Belgian Prime Minister Herman Van Rompuy reportedly has the backing of France and Germany for the European Union presidency, expected to be decided during a meeting of the organization's leaders Thursday, EUobserver.com reported. Also to be decided is a new European Union foreign policy position at the meeting in Brussels.
Five years ago, Van Rompuy spoke against Turkey joining the EU, saying it would dilute Europe's Christian values and heritage, The Daily Telegraph reported Thursday.
"Turkey is not a part of Europe and will never be part of Europe," he said in a 2004 speech. "The universal values which are in force in Europe, and which are fundamental values of Christianity, will lose vigor with the entry of a large Islamic country such as Turkey."
His views have earned support from Vlaams Belang, the far-right Flemish anti-immigrant party in Belgium, the British newspaper said.
"We are entirely in agreement with Van Rompuy over this question and are convinced he will defend this point of view as president of the EU," said Vlaams Belang leader Filip Dewinter. "It is for this reason we openly support him."

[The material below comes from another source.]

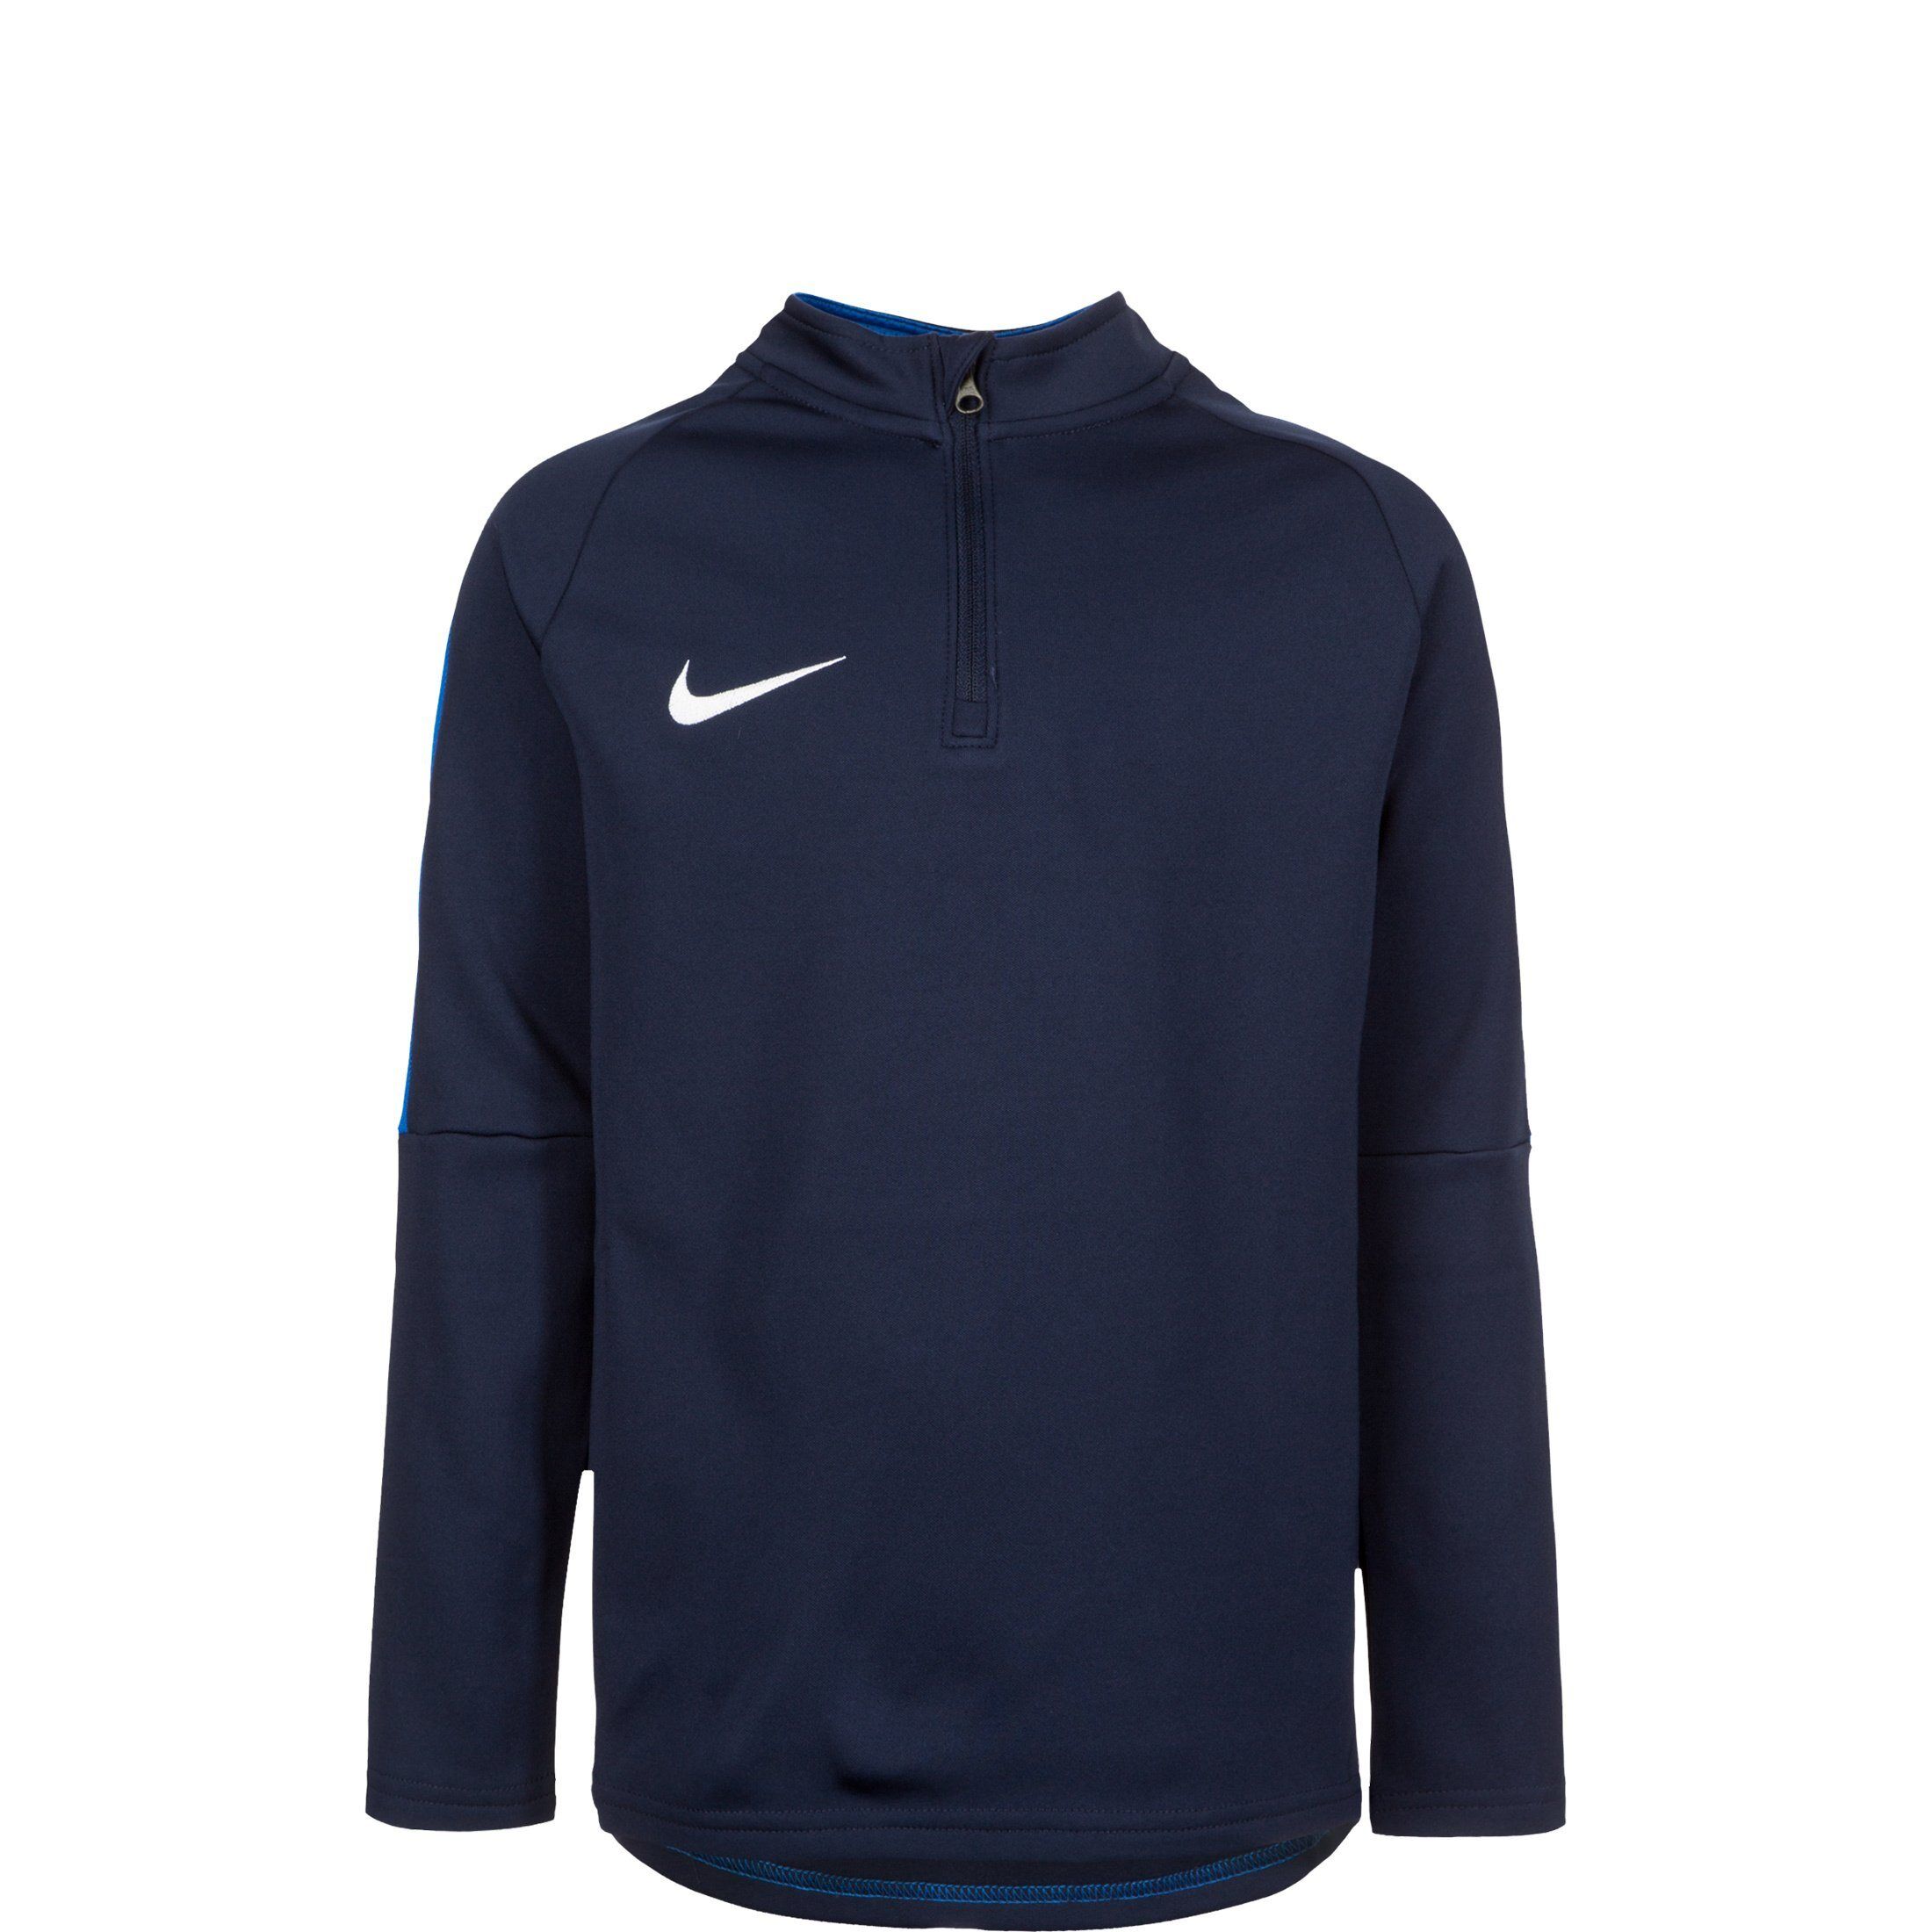 Nike Trainingsshirt »Academy 18 Drill«, dunkelblau

Belgian officials confirmed to EUobserver the speech was made, but said the comments were spoken when Van Rompuy was in the opposition.
Anticipating that Britain -- which opposes Van Rompuy as an EU presidential candidate and which favors Turkey's admission to the organization -- would jump on his years-old remarks, one official said, "Things that are said in opposition ... are different from what you find yourself saying when in government."